Noise shaping is the combination of dithering and equalization, used to both cover quantization noise, and push any noise created by dithering into less perceivable areas of the frequency spectrum. With the use of noise shaping, dithering can be applied, while theoretically reducing the overall perceivable noise floor.
Noise Shaping in Detail
Since the introduction of digital quantization and sampling, engineers have sought to remedy the negative effects of inaccurate quantization, or quantization error, and the noise it generates.
Although the best way to reduce this noise is to record at a higher bit depth, and to maintain that bit depth through the production and distribution process, this option is just now becoming a possibility.
For years, engineers had to make do with the technical limitations of their digital systems – this meant recording at 16-bit, and reducing the bit depth to 8-bit when necessary. Throughout this process, dithering, and noise-shaping became a common tool to mask the negative effects of quantization error, to increase the dynamic range, and to reduce the perceivable noise floor.
Today, these practices are still upheld. They may not always be entirely necessary, but understanding them means understanding an important aspect of digital recording, and digital recording history.

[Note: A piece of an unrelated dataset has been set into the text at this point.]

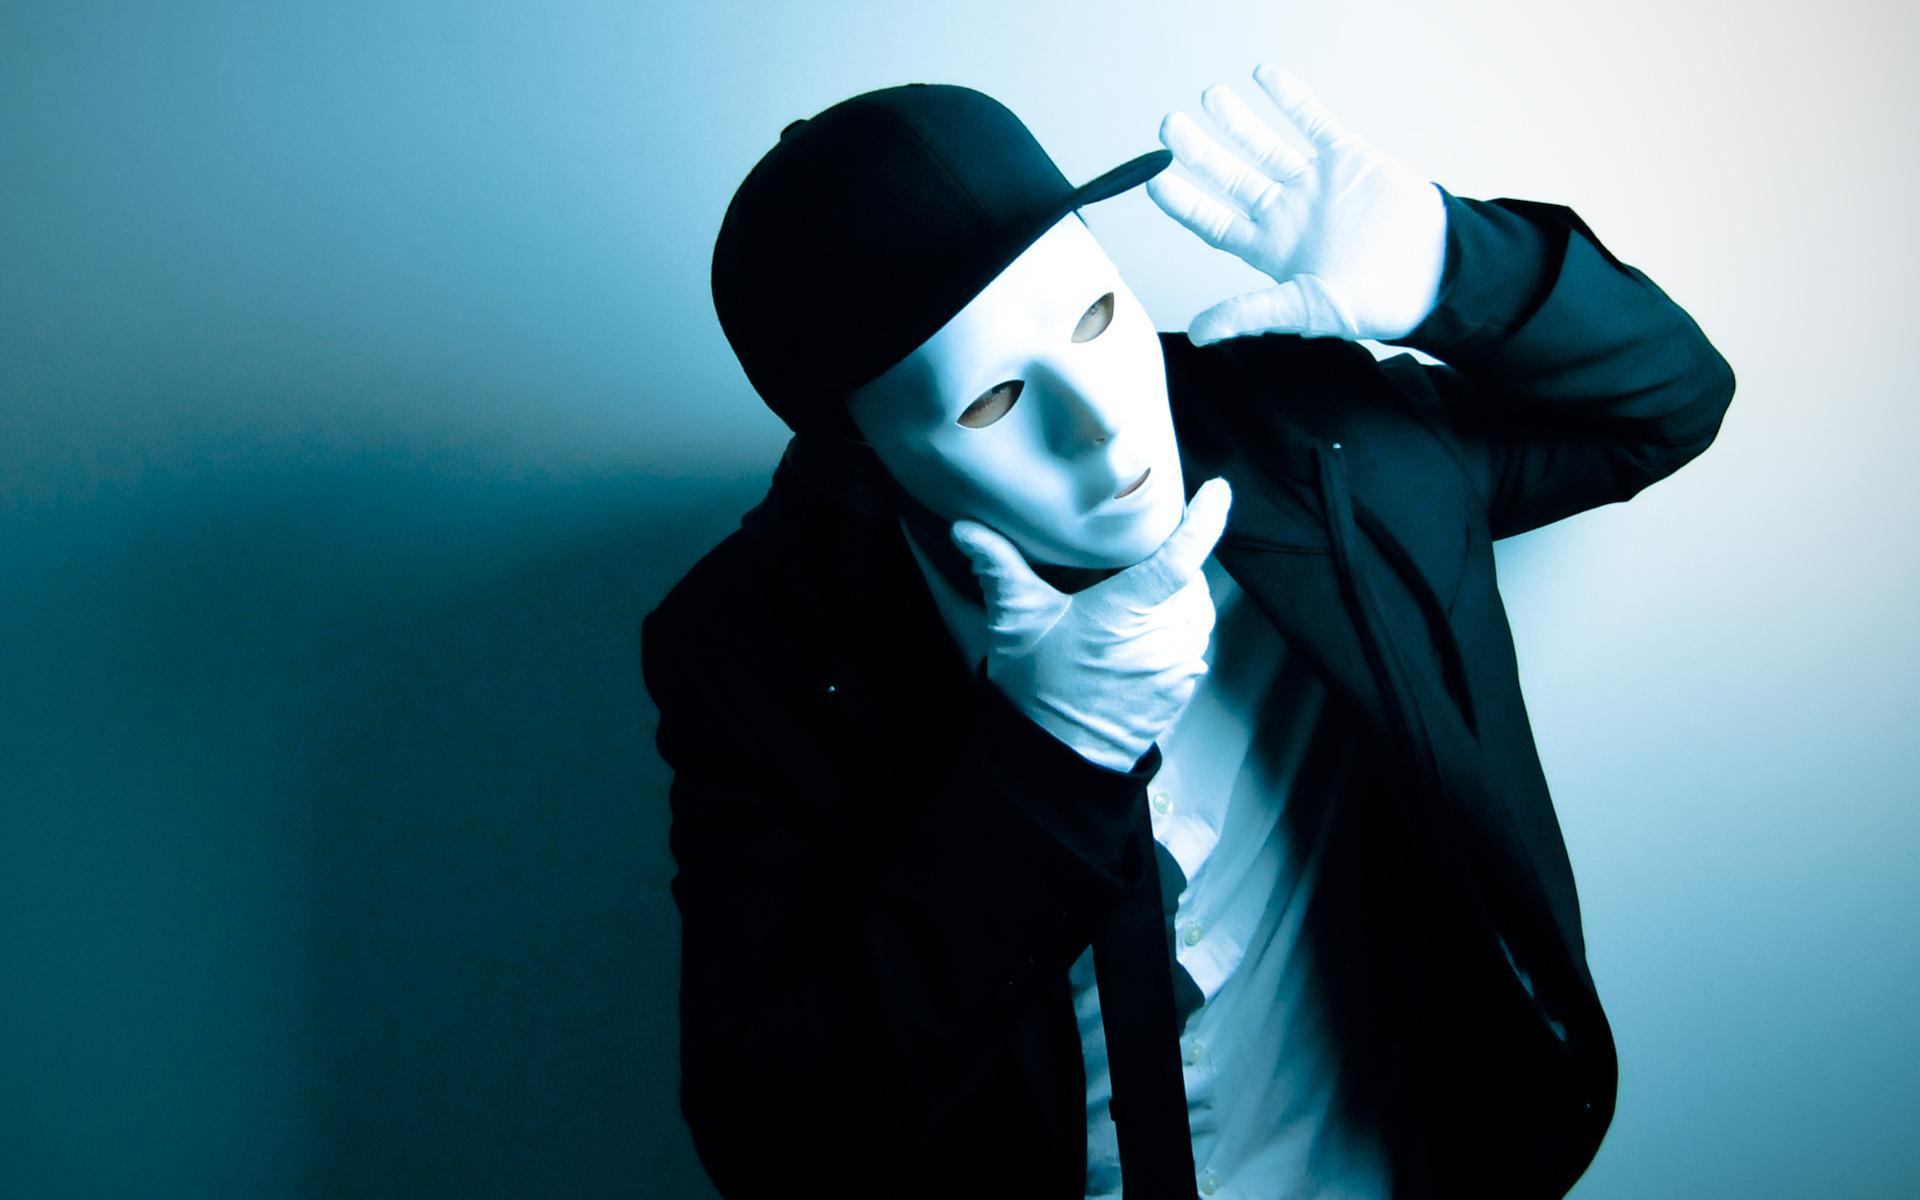 ещё фото картинки на аву с масками театрального отделения

Furthermore, delving into this topic reveals highly important information regarding the workings of the inner ear, and the perceptual science behind listening to music. Although this may seem like a dry topic, understanding it will absolutely help you as an audio engineer and musician so definitely read on if that’s something which interests you.
To best understand what noise shaping is, we should start by understanding how we perceive sound, then what dithering is and why it’s used, and then lastly, what noise-shaping is, and how it ties into these two former topics.
We’ll be looking into when to use dithering, when not to, and how noise-shaping may affect and influence these decisions. This way, you’ll be able to make informed decisions during your mastering process.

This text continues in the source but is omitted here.